▶ **Task details**: Which lines come from the start of the records through the line that holds "Casa moderna de"? Write them out word for word.
....................
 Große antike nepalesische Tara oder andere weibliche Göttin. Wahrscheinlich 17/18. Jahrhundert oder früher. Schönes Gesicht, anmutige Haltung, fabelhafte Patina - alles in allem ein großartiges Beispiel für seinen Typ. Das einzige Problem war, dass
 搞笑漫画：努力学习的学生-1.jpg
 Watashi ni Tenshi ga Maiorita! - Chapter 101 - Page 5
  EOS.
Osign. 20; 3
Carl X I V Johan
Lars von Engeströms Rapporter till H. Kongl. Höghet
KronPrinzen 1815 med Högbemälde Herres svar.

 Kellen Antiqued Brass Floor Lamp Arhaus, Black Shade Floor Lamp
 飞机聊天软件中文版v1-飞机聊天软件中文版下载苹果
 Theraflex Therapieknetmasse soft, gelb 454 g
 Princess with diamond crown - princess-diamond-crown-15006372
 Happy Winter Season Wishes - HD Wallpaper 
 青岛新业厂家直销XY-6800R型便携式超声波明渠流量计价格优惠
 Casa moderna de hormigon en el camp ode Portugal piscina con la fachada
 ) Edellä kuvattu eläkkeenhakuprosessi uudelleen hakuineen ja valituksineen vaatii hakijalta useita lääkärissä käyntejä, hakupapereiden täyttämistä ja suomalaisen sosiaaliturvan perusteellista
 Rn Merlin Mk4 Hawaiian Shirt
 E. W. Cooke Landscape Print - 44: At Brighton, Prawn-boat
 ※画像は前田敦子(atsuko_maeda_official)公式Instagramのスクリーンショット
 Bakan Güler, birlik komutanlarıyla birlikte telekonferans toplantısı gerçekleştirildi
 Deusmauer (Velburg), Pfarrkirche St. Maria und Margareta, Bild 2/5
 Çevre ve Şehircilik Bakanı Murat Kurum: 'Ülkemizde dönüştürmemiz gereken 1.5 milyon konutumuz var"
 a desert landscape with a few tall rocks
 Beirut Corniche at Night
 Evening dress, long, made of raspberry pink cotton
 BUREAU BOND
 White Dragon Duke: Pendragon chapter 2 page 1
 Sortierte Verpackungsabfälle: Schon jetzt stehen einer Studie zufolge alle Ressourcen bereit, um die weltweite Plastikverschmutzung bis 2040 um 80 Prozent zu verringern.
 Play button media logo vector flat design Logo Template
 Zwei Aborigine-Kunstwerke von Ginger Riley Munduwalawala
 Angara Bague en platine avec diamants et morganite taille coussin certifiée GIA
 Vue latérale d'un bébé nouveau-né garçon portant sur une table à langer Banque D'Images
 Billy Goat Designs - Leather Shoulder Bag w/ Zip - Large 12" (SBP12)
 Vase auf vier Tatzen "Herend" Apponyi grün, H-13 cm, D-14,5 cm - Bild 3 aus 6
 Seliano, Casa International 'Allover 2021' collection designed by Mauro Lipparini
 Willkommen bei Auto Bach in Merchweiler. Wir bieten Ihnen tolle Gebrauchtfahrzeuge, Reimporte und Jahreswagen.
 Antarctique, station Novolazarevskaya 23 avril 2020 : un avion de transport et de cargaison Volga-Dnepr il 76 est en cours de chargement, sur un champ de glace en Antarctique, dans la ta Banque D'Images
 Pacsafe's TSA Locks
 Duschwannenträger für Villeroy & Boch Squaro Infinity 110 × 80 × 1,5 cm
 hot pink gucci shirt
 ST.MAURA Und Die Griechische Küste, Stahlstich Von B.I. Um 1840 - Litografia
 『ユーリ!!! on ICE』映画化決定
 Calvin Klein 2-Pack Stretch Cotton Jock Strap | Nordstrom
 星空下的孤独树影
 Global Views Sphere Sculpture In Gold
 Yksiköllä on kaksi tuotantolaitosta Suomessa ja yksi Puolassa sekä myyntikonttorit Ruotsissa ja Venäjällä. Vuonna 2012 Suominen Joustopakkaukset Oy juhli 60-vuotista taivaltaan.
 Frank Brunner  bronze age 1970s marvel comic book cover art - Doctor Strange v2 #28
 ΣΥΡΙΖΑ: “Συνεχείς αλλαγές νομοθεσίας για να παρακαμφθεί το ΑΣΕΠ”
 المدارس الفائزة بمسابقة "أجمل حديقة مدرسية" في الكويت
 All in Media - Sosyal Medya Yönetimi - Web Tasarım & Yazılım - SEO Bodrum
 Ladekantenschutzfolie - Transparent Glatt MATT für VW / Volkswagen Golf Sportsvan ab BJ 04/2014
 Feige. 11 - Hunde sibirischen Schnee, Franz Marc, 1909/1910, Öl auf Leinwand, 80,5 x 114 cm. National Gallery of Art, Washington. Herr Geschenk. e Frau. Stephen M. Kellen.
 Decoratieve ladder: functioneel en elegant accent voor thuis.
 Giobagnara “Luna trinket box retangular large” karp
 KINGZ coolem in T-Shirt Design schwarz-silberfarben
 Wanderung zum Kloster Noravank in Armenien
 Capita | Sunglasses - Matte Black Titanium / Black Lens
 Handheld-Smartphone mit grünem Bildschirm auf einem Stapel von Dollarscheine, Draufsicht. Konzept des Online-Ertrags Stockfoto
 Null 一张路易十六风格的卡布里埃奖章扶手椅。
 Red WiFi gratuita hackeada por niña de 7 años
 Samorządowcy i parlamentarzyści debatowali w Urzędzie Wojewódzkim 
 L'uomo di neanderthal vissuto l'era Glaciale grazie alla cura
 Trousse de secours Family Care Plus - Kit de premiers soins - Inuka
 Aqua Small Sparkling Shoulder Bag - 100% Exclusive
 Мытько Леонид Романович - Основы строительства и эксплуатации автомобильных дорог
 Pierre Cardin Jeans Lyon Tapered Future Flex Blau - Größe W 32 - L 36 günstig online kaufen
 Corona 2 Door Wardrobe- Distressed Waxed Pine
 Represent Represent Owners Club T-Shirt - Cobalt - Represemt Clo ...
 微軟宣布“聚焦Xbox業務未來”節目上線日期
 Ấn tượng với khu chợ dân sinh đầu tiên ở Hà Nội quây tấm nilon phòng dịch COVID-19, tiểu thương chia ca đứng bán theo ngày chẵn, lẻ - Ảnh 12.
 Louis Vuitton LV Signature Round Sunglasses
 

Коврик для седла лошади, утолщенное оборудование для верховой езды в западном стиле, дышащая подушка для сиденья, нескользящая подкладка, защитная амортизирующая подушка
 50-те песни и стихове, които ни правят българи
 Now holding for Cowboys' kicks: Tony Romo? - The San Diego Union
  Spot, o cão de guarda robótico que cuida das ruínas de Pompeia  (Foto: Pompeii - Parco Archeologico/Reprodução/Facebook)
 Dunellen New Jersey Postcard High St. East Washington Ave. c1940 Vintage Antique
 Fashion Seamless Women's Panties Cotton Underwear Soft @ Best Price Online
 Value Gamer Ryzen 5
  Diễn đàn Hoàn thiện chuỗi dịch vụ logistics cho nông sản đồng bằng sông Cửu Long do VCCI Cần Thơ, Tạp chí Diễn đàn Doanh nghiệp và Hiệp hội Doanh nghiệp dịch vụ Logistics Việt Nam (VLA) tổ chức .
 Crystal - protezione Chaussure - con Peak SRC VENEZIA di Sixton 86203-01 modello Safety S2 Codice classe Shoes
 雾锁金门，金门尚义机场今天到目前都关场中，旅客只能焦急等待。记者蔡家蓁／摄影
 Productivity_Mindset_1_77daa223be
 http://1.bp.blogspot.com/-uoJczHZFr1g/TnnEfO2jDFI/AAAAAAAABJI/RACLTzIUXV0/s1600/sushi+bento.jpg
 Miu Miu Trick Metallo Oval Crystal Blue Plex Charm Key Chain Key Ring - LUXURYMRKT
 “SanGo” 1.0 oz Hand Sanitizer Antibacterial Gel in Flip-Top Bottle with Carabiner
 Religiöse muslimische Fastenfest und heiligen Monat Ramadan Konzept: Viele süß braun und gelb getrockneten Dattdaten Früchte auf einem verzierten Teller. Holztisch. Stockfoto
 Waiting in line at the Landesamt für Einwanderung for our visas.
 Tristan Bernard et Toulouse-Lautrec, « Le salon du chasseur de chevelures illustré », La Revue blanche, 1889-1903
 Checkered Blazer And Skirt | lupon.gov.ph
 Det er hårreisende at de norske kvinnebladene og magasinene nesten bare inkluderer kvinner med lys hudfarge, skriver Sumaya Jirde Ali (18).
....................
▶ **Answer to the exercise**:
 Große antike nepalesische Tara oder andere weibliche Göttin. Wahrscheinlich 17/18. Jahrhundert oder früher. Schönes Gesicht, anmutige Haltung, fabelhafte Patina - alles in allem ein großartiges Beispiel für seinen Typ. Das einzige Problem war, dass
 搞笑漫画：努力学习的学生-1.jpg
 Watashi ni Tenshi ga Maiorita! - Chapter 101 - Page 5
  EOS.
Osign. 20; 3
Carl X I V Johan
Lars von Engeströms Rapporter till H. Kongl. Höghet
KronPrinzen 1815 med Högbemälde Herres svar.

 Kellen Antiqued Brass Floor Lamp Arhaus, Black Shade Floor Lamp
 飞机聊天软件中文版v1-飞机聊天软件中文版下载苹果
 Theraflex Therapieknetmasse soft, gelb 454 g
 Princess with diamond crown - princess-diamond-crown-15006372
 Happy Winter Season Wishes - HD Wallpaper 
 青岛新业厂家直销XY-6800R型便携式超声波明渠流量计价格优惠
 Casa moderna de hormigon en el camp ode Portugal piscina con la fachada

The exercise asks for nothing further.